> [Data]:
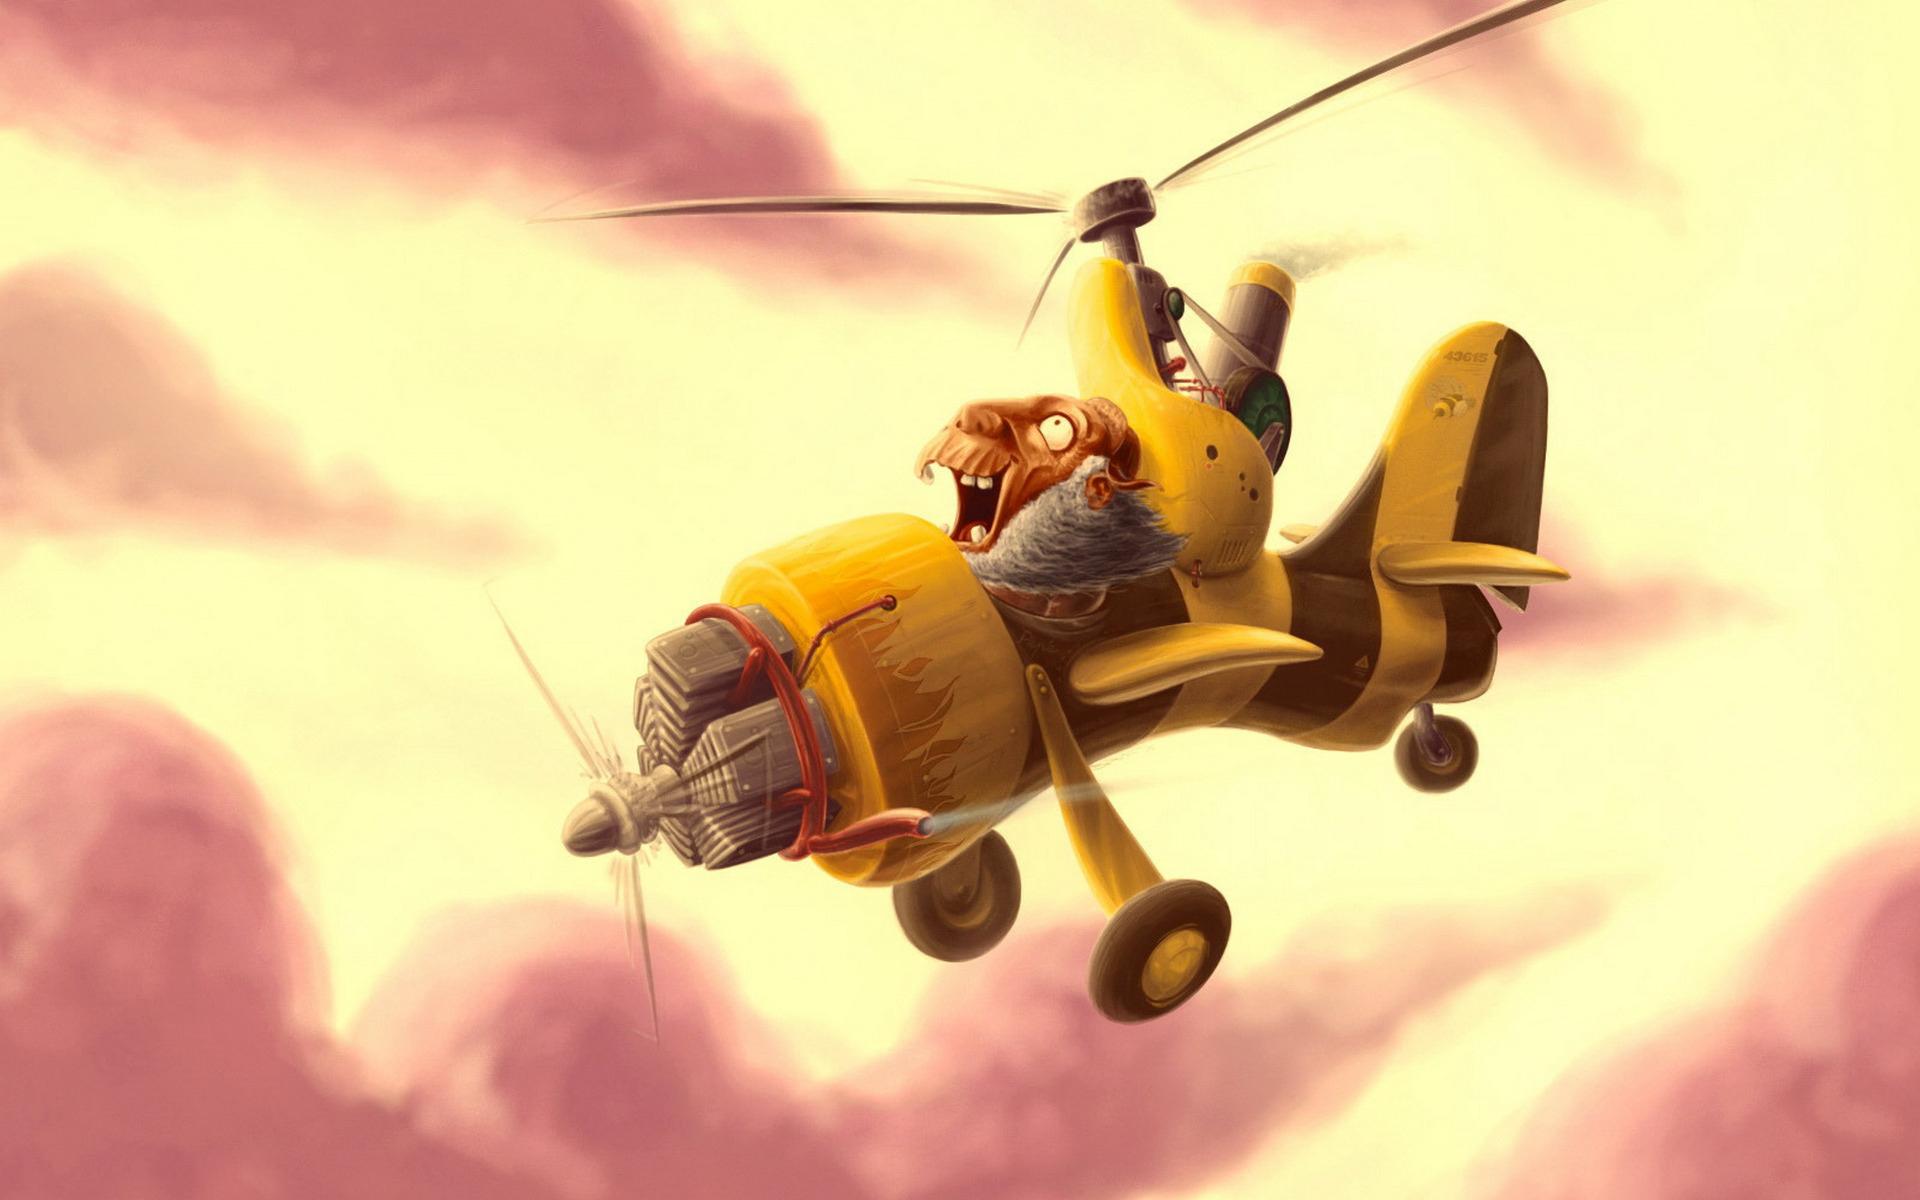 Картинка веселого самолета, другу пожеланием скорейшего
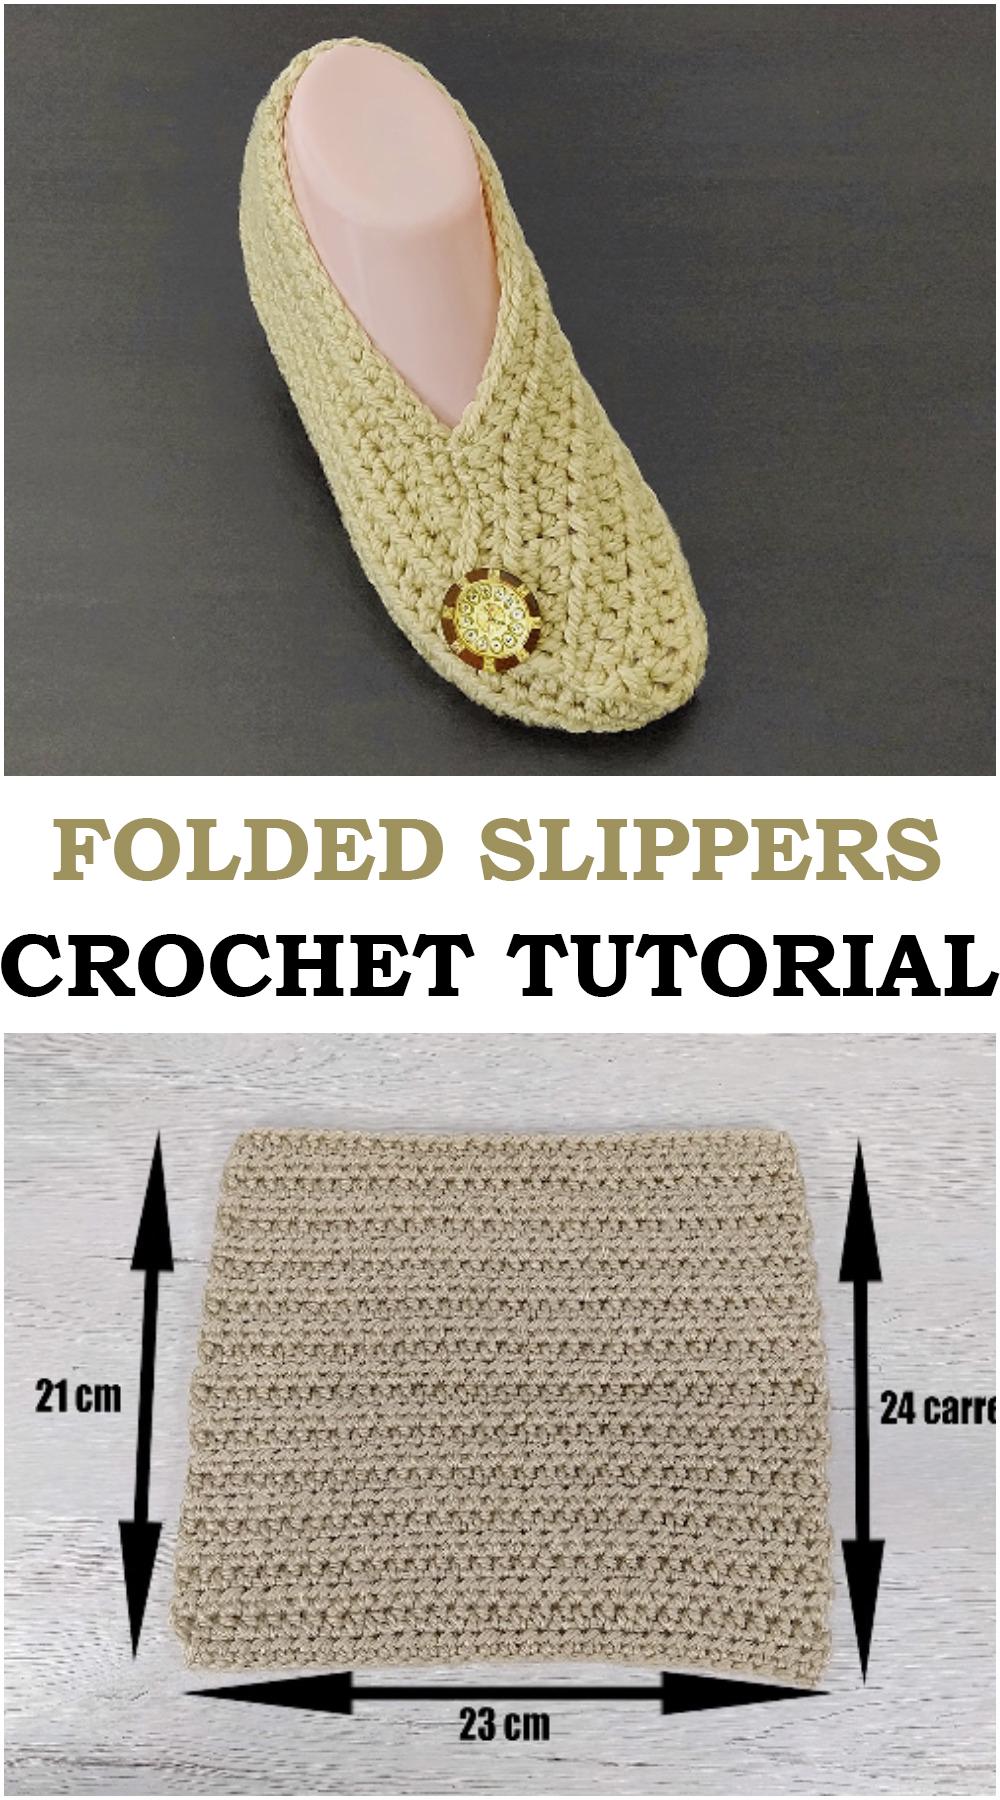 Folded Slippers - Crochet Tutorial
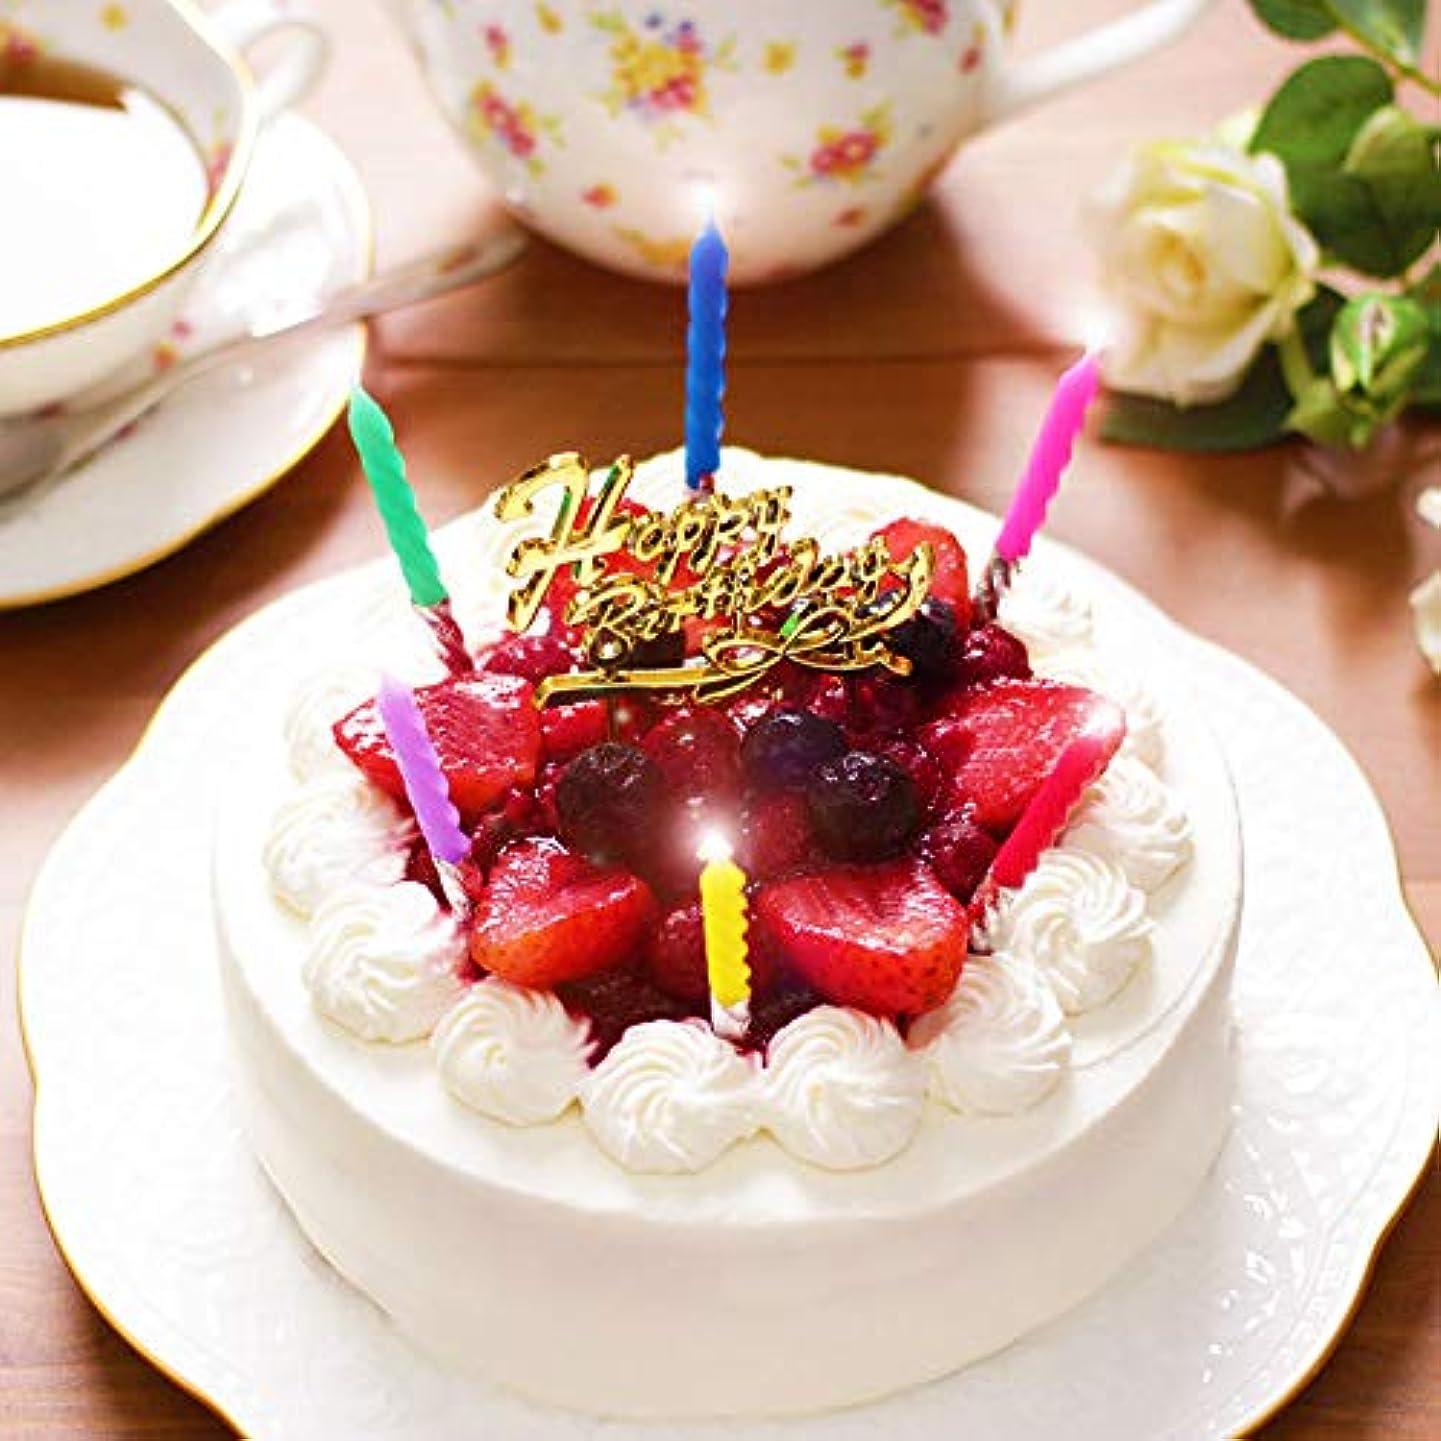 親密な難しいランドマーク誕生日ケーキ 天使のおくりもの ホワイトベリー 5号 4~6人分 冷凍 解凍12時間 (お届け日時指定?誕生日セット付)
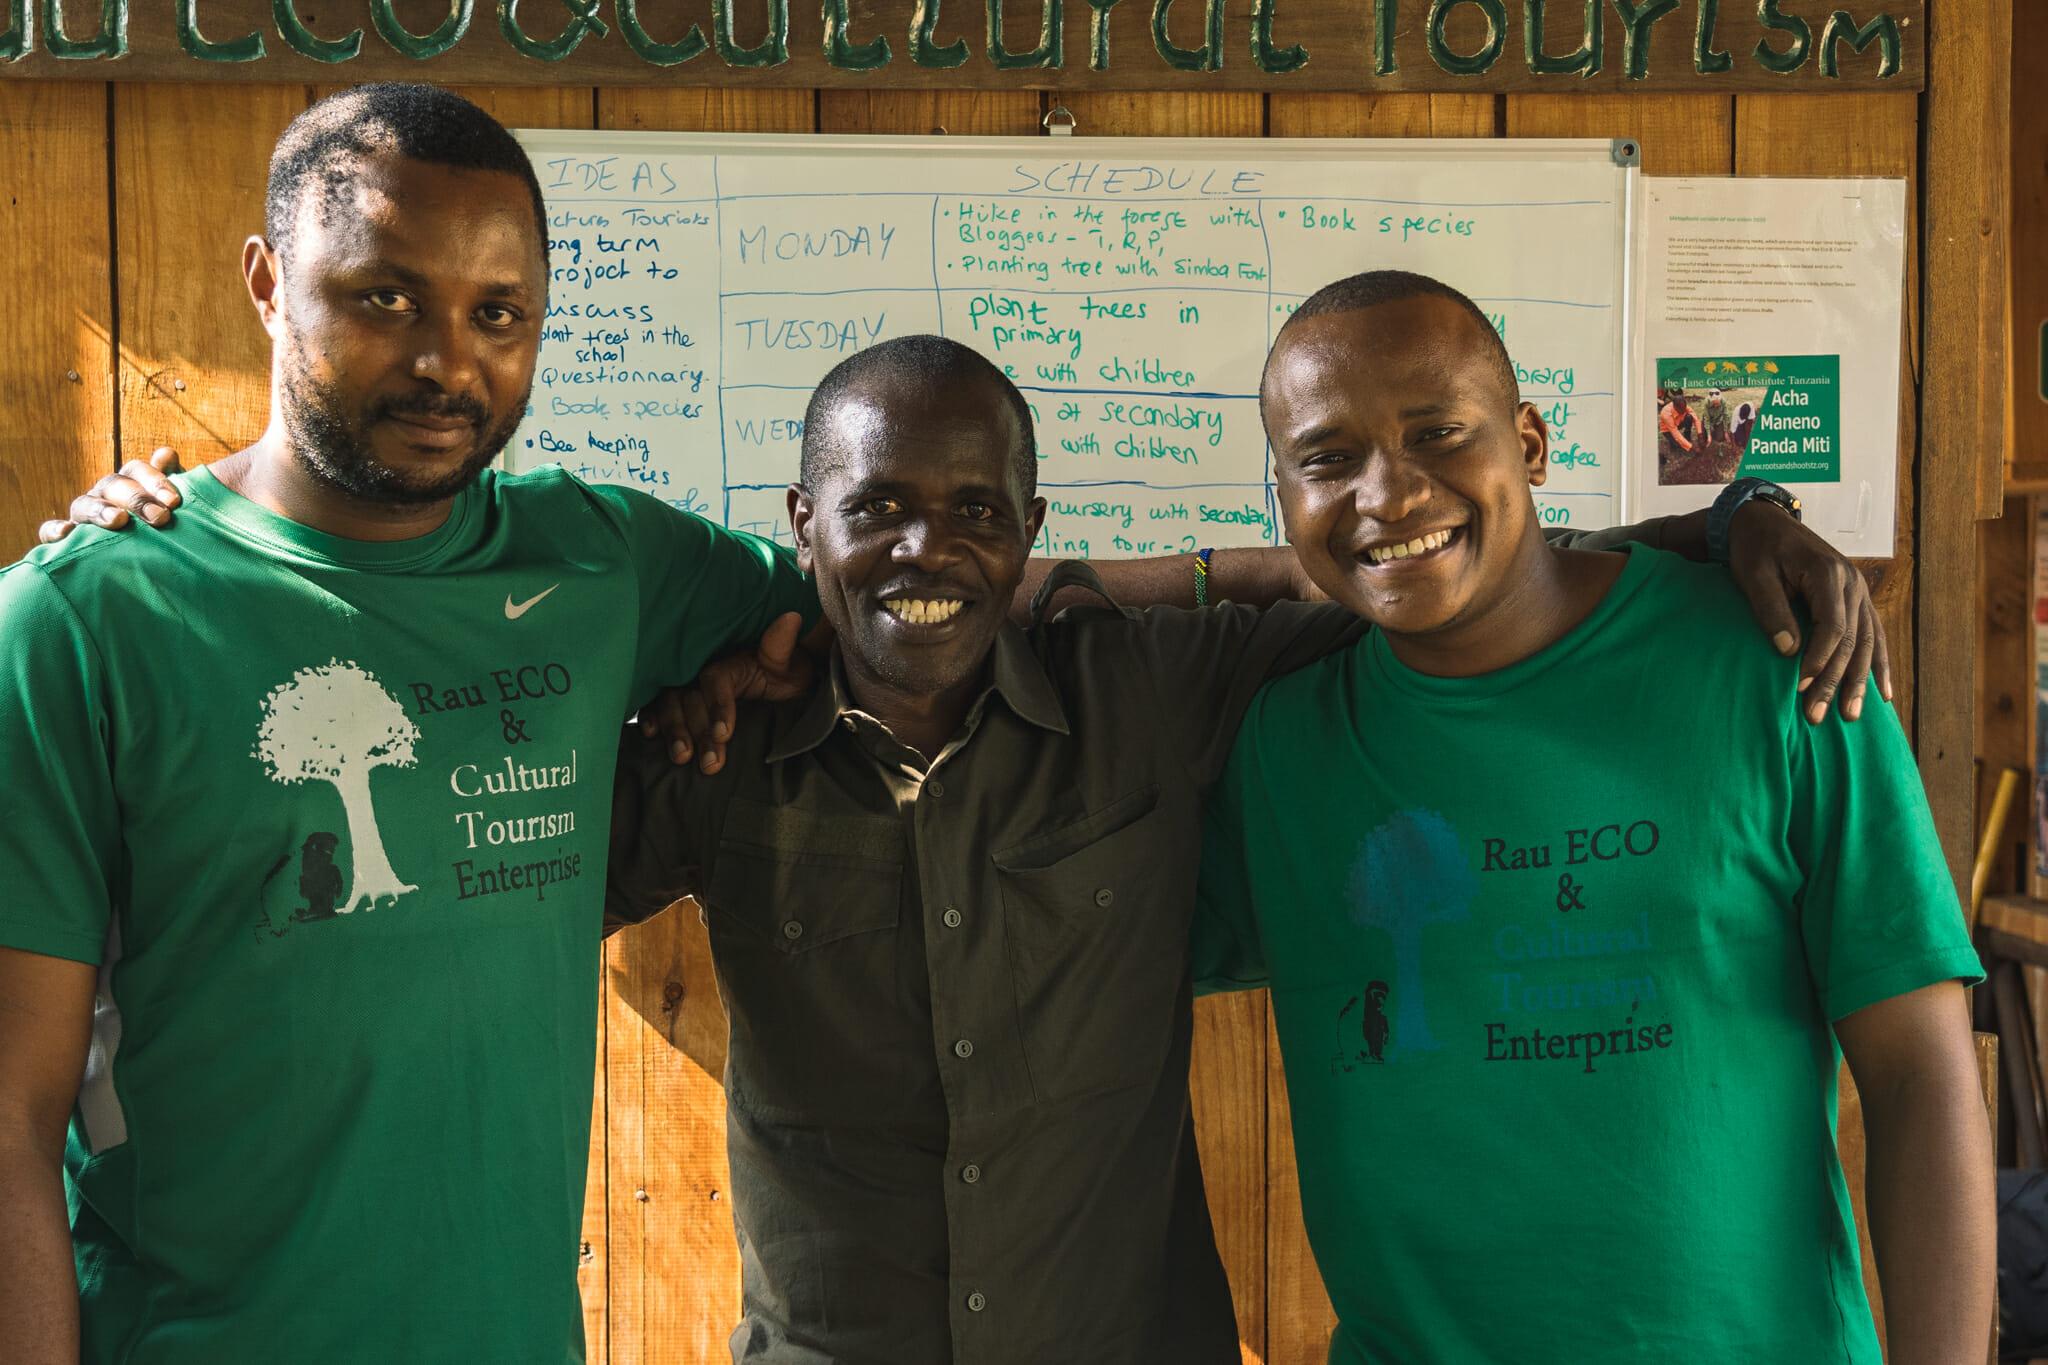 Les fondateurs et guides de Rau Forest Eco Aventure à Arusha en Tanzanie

> [Problem]:
Only what runs from the line with "Folded Slippers - Crochet Tutorial" through the last line of the listing above belongs in the answer, set down exactly and free of pictures.

> [Expected output]:
 Folded Slippers - Crochet Tutorial
 親密な難しいランドマーク誕生日ケーキ 天使のおくりもの ホワイトベリー 5号 4~6人分 冷凍 解凍12時間 (お届け日時指定?誕生日セット付)
 Les fondateurs et guides de Rau Forest Eco Aventure à Arusha en Tanzanie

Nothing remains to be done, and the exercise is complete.